Мать, с самого утра замотанная у печи, среди суеты все же вспомнила о нем, как-то вот помнила. Разбудила пораньше и едва одевшегося подтолкнула к порогу: «Иди-ка, иди… глянь хоть, как солнышко-то играет, своих потом приучай. — И засмеялась сама себе же, радостно: — Свои-их… Господи, да что тебе сейчас говорить, что понимаешь-то?! Беги-ка, а то не успеешь». Улица еще в утренней ранней мгле, в тенях, тянет по ней горьковатым дымком от множества
А день между тем набирал силу, теплел, уже и трубы печей не дымили, лишь горячий воздух дрожал и размывался над ними — пасха. Из дома в дом по всему утреннему порядку уличному бегают ребятишки, «славят»; робкие и бойкие, кто каким уродился, открывают в сенишном сумраке чужие двери, появляются на пороге в печное тепло и запахи, в руках у всех ситцевые мешочки, уже-таки полные, в глазах готовность сказать все, что положено, и ожиданье. Столько в глазах ожиданья всякий раз и растерянной радости, что любая хозяйка, самая даже угрюмая, покоробленная жизнью, оттаивает: «Ой, да это никак Васек, Головиных», — с удивлением будто говорит себе и всему дому. И тянется к подоконнику, где в чашке лежат крашенные луковой шелухой, чернилами, синькой и бог знает еще чем яйца: «На-ка вот эту. Бат-тюшки-светы, а сколько набрал-то уже — это когда ж ты успел?! Молодчи-ина!..» У него уже тоже мешочек полный, он забегает домой, чтобы выложить половину и бежать дальше по дворам, мать его тоже хвалит, шуруя у загнетки рогачами и чугунками, раскрасневшаяся, в отблесках печного жара вся, в углу на столе уже готовая, прикрытая слегка полотенчиком с петухами, подрумяненная «пасха» — так называли они большой хлеб, яичным желтком помазанный для румяности, по верхней корочке крест-накрест завитушки сделаны: «Чтоб через полчаса домой, садиться будем…» «Ого, — посмеивается и отец, зашедший со двора, где управлялся со скотиной, и тоже говорит: — Это когда ж ты успел?! Молодцом, так и надо! А у крестной-то был?» Был, к первой забежал. Два самых ярких яичка дала крестная и конфеток в придачу, обрадовалась своему; век не забудет он два яичка этих, крестную саму, тихую, ходившую к своим по задам всегда, неприметным челночком сновавшую, скреплявшую собой всю довольно горластую и неспокойную их родню.
Откровенно теплый, чуть не летний денек выдался как по заказу.
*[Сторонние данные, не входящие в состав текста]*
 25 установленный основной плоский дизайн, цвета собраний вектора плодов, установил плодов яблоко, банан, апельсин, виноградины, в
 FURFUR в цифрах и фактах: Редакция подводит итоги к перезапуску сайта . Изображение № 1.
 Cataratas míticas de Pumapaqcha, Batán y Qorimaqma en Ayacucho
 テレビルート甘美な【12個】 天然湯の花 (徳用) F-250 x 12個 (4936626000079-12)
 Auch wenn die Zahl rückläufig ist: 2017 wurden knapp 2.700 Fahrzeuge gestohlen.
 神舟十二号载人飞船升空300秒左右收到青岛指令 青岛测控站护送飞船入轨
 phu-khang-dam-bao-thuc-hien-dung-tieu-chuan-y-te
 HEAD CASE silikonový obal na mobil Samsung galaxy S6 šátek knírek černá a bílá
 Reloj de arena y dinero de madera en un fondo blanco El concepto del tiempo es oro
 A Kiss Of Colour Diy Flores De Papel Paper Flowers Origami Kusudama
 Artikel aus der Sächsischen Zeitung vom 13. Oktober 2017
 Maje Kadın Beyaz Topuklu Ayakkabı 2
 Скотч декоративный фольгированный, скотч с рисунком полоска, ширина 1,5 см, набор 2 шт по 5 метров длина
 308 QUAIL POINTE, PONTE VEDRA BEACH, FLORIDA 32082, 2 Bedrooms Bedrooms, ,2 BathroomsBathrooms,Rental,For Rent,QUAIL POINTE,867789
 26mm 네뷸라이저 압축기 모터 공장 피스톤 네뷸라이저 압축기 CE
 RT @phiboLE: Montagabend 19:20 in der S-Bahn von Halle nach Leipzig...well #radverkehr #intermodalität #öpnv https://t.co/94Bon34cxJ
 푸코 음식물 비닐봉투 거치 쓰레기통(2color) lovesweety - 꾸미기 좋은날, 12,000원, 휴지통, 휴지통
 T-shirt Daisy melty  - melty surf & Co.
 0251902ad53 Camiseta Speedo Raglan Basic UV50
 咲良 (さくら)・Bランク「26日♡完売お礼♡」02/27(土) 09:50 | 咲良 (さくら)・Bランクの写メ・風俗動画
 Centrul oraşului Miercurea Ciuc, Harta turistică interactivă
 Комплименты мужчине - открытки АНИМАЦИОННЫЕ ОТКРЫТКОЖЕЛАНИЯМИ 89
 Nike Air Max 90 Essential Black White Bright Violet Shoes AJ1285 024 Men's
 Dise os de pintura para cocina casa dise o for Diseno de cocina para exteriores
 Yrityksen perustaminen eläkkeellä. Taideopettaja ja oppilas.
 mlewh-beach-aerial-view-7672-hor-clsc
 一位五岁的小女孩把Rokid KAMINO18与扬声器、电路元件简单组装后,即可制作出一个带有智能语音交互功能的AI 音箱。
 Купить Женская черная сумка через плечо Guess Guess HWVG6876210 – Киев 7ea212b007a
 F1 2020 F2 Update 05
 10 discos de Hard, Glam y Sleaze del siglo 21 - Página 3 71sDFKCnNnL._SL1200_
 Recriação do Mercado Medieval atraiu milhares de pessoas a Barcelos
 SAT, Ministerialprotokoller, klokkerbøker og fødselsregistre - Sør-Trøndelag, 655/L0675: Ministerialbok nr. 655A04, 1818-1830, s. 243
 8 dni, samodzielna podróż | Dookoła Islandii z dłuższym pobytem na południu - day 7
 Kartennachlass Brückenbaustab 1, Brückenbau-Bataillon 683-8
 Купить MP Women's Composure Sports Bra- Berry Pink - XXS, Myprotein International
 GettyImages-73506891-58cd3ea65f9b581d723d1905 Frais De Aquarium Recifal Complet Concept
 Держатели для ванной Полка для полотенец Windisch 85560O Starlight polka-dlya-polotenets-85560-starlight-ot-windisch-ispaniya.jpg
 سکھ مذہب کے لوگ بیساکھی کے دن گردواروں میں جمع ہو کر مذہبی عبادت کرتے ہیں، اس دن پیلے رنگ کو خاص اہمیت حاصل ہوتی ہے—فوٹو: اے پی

Вынесены из домов на подсохшие сугревки столы, мужики режутся кто в картишки, кто в домино, дымят, пересмеиваются, хмельные малость и все сплошь нынче благодушные. Где-то пиликает гармошка, цветастое мелькает по всей солнечной улице, опять смех, иногда радостный девичий визг, торжествующий крик молодости. Бабы, распустив праздничные юбки и фартуки, расселись по завалинкам и скамейкам, семечки грызут, шелуха виснет по неутомимым ловким губам, спадает гроздьями в передники — дружно тянут, перехватывают ловко друг у друга крученую веревочку разговора, обо всем, что увидят, вспомнят ли, подумают. Кое-где кучешками греются старики, не спеша переговариваются, сплошь почти одни старухи, изредка торчит меж ними выгоревший, полувоенного образца картуз, повыбило жизнью мужичков, при любой склоке в самой середке оказывались. Иное дело в избах, чаще всего в задней половине, где собрались охотники посидеть за столом. Синий дым пластается в солнечных лучах, бьющих прямо в окна, в потные, немного сонные лица мужиков. Кто нехотя хрустит соленым огурцом, кто размахивает руками, то снимая, то надевая опять шапчонку, в затрапезной стеганке, забыл с утра приодеться, — доказывает что-то. Но надо и меру знать, да и солнце морит, подымаются: «Ну, не дорого пито, дорого — быто». Выходят на воздух, на завалинку, еще не вполне просохшую, усаживаются, а тут как раз с невысокой горушки, на которой стоит изба, ребятня яйца катает. Интересно мужикам, сами катали. Подзадоривать, подзуживать они мастера:
— Что за шум, а драки нету?! Ну-кось, чья очередь?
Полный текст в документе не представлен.